Two possible solutions:

1 - Did you tried from another browser? Because the login information can be cached, so if you typed once it will not ask you again until you perform a logout action.

2 - Implement a logout method. I use JSF 2.0 and my logout method is something like this:

public String logout() {
        FacesContext context = FacesContext.getCurrentInstance();

        // remove data from beans:
        for (String bean : context.getExternalContext().getSessionMap().keySet()) {
            context.getExternalContext().getSessionMap().remove(bean);
        }

        // destroy session:
        HttpSession session = (HttpSession) context.getExternalContext().getSession(false);
        session.invalidate();

        // using faces-redirect to initiate a new request:
        return "/security/index.xhtml?faces-redirect=true";

    }

You can try to add this method to your bean, and then call it from a button with 'action="#{yourBean.logout}"'.

Then, when you refresh your browser it'll prompt for login credentials.

Answer 2

Could you please post all the relevant parts of your web.xml because I did a test with this web.xml:

<?xml version="1.0" encoding="UTF-8"?>
<web-app version="2.5" xmlns="http://java.sun.com/xml/ns/javaee" xmlns:xsi="http://www.w3.org/2001/XMLSchema-instance"
  xsi:schemaLocation="http://java.sun.com/xml/ns/javaee http://java.sun.com/xml/ns/javaee/web-app_2_5.xsd">

  <display-name>Archetype Created Web Application</display-name>

  <security-constraint>
    <web-resource-collection>
      <web-resource-name>Protected Area</web-resource-name>
      <url-pattern>/jsp/security/protected/*</url-pattern>
      <http-method>PUT</http-method>
      <http-method>DELETE</http-method>
      <http-method>GET</http-method>
      <http-method>POST</http-method>
    </web-resource-collection>
    <auth-constraint>
      <role-name>role1</role-name>
    </auth-constraint>
  </security-constraint>

  <!-- Security roles referenced by this web application -->
  <security-role>
    <role-name>role1</role-name>
  </security-role>
  <login-config>
    <auth-method>BASIC</auth-method>
  </login-config>
</web-app>

And requesting a protected resource (http://localhost:8080/mywebapp/jsp/security/protected/ here) does prompt me for a user name and password. In other words, I can not reproduce the problem (I was using GlassFish v3).

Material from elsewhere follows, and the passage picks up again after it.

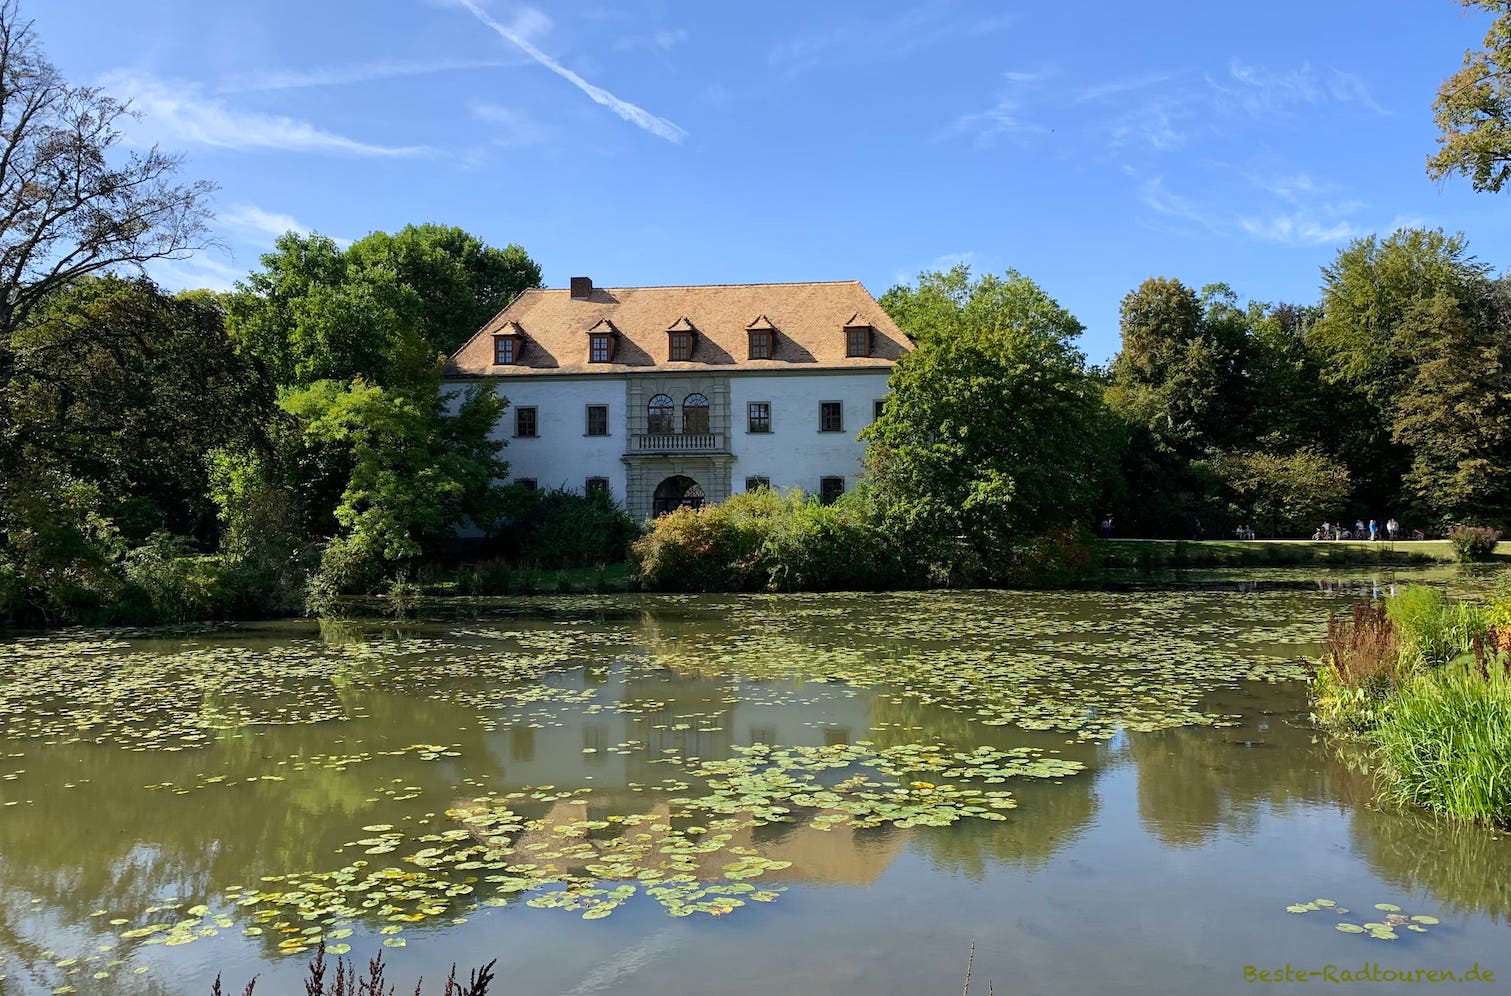 Foto über den Teich: Fürst-Pückler-Park Bad Muskau, Altes Schloss

Update: I finished to secure my sample webapp with a jdbc realm and confirm that things are working fine. So, as I said, please provide your web.xml and your sun-web.xml. Also, please set the logging level to FINEST for security stuff:

And join relevant traces.

Update: I think that the traces you're showing are for the login of the admin user in the admin console. If not, did you set the jdbc realm as the default realm (database is my jdbc realm in the following capture)?

BTW, I thought you were using BASIC authentication. But according to the descriptor you provided, you are using FORM. So, could you clarify what you are actually using and what the problem exactly is (like: "GlassFish doesn't redirect to the login form page and access to restricted resources is not restricted")?